In Vitro Hemocompatibility of the BiVACOR Total Artificial Heart in Continuous and Pulsatile Flow.

Abstract

Background: Heart transplantation is curative for advanced heart failure; however, the limited availability of suitable donor organs makes mechanical circulatory support devices a crucial alternative. BiVACOR's total artificial heart (TAH) is a new device that provides full replacement of the organic failing heart to support systemic and pulmonary circulation using a single, magnetically levitated centrifugal rotor. The aim of this study was to assess the in vitro hemocompatibility of the TAH operating in either continuous flow (CF) or pulsatile flow (PF) mode.

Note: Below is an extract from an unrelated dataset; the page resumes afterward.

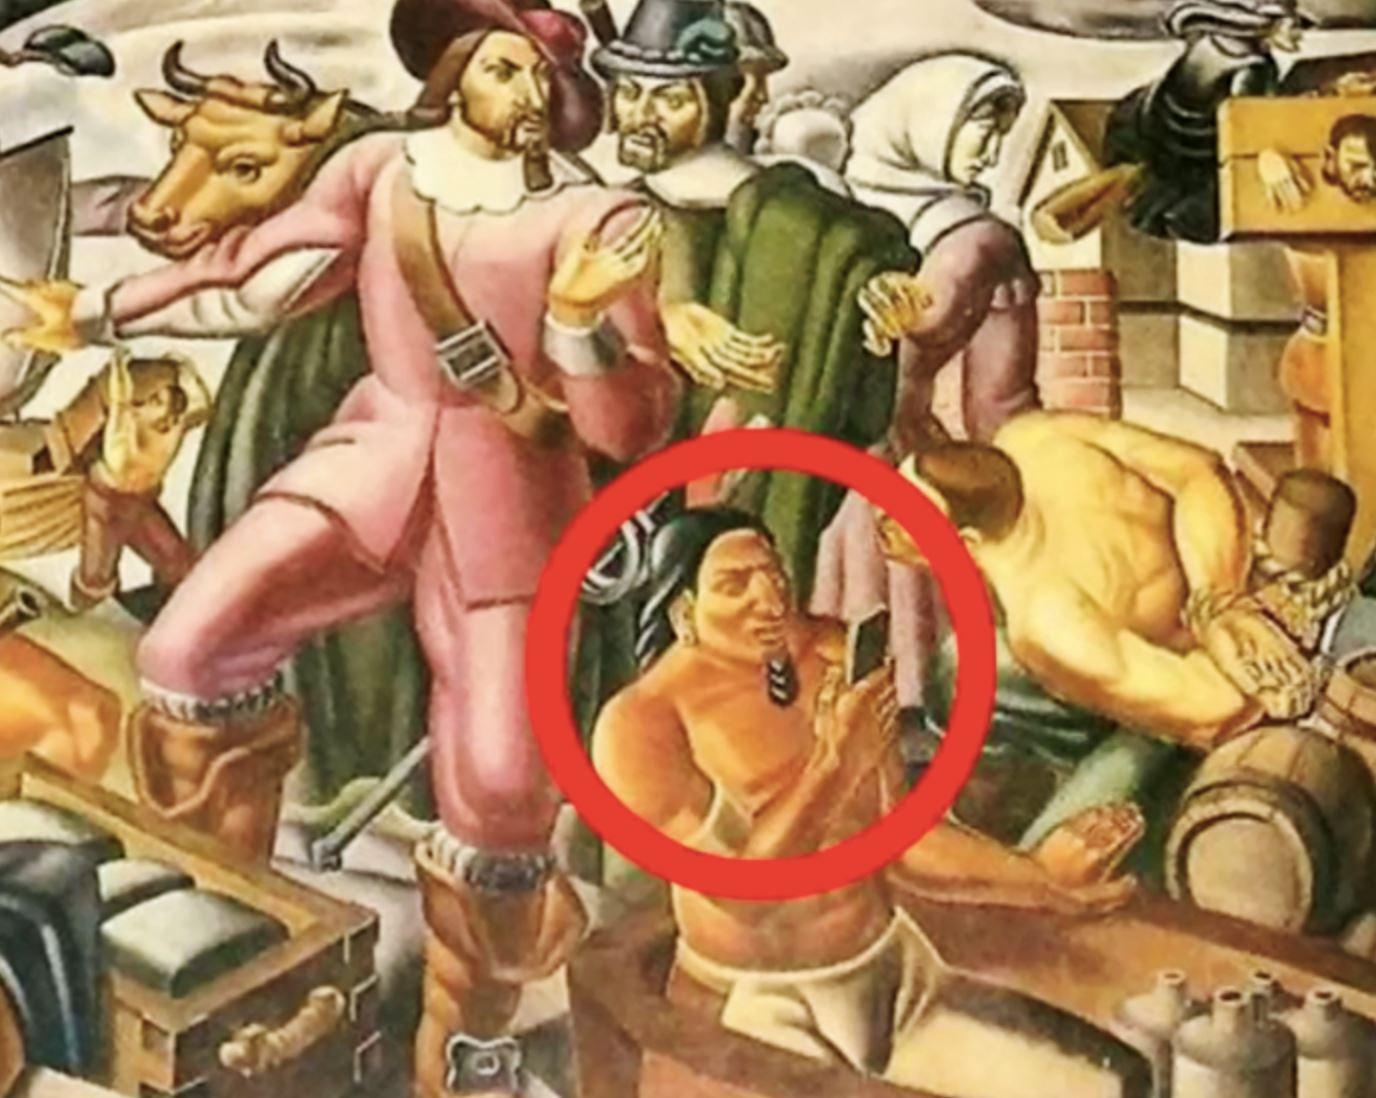 lelaki pegang smartphone dalam lukisan 400 tahun lalu timbul tanda tanya
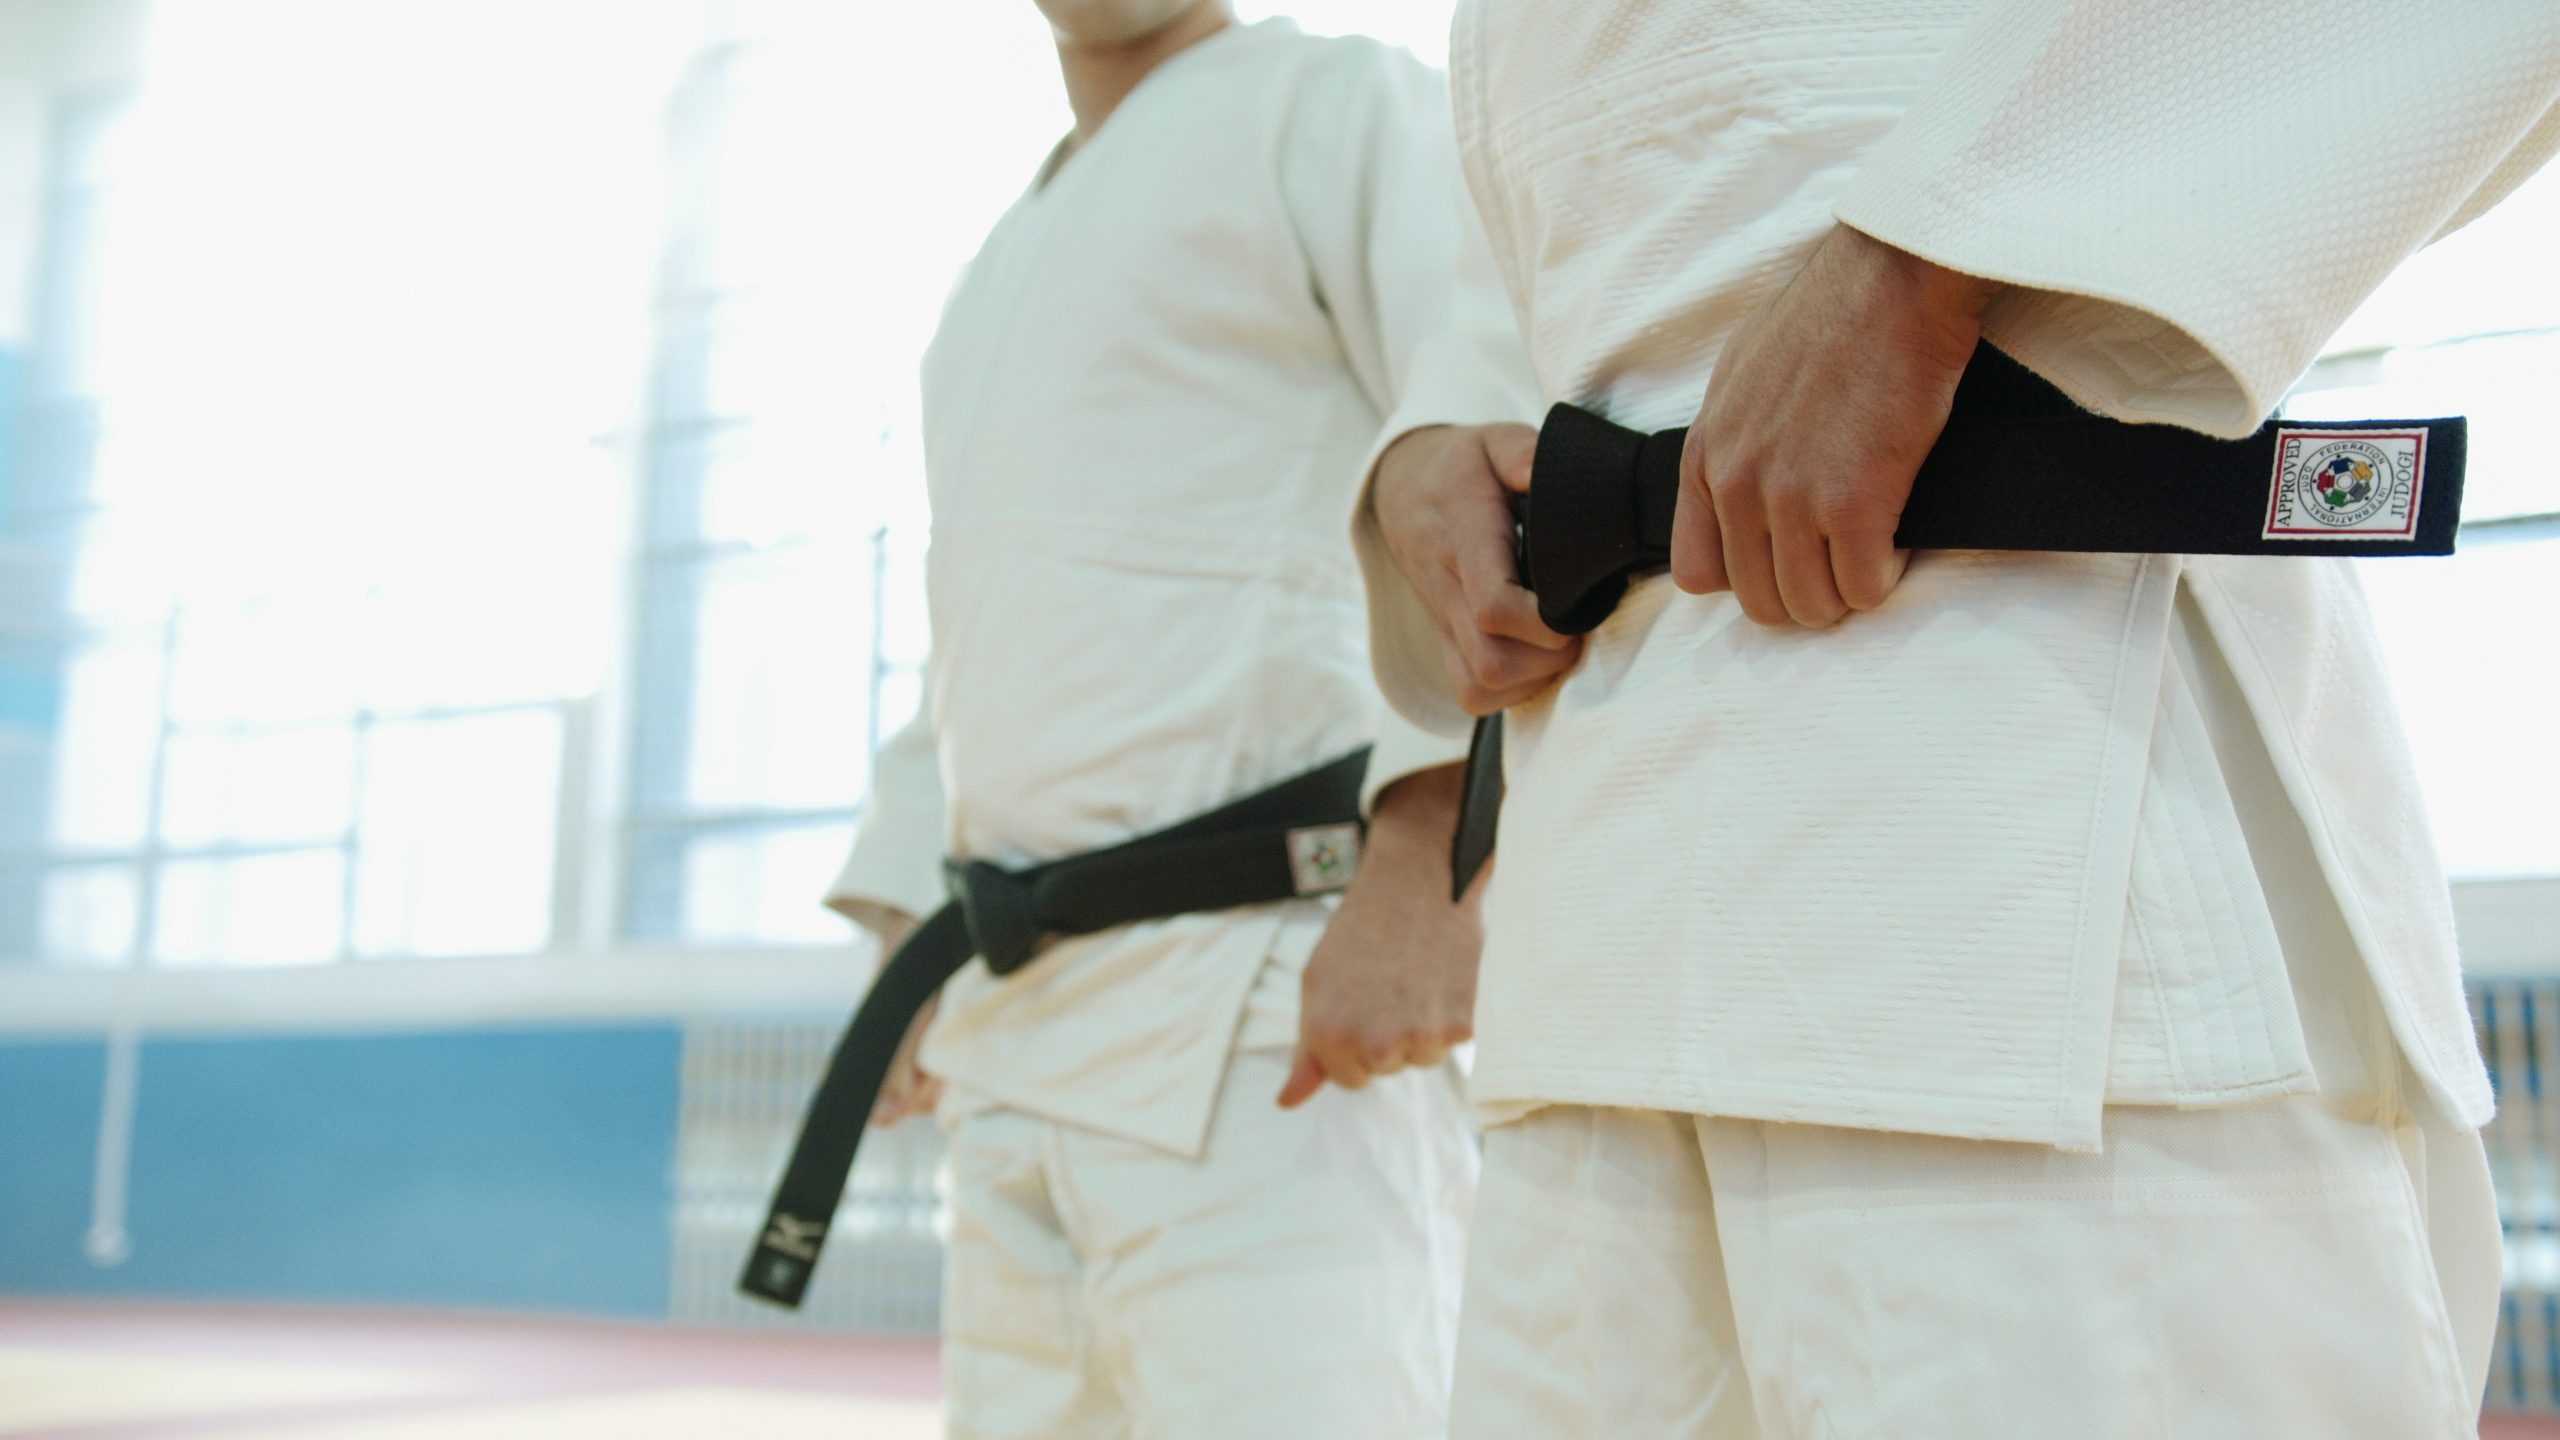 karate bologna - PGS WELCOME

Methods: Cattle blood was circulated in an in vitro blood loop at 5 L/min against 100 mmHg for 6 h using the TAH in CF (n = 6) or PF (n = 6), which were compared with a reference pump (CentriMag; n = 6). Blood analysis included hematology, plasma free-hemoglobin, and von Willebrand factor (vWF) multimers.

Results: The normalized indexes of hemolysis were 0.004 ± 0.003 g/100 L for CF, 0.004 ± 0.003 g/100 L for PF, and 0.003 ± 0.002 g/100 L for reference. Basic hematology and vWF multimers were affected in a linear manner, but did not vary between flow regimes or devices.

Conclusions: BiVACOR's TAH operated in a manner requisite of complete heart support, generated comparable in vitro blood compatibility to the clinically approved reference pump, as evidenced by hematological parameters and vWF analyses. The presence of a large pulse pressure did not impact hemocompatibility, which is a positive sign for future applications.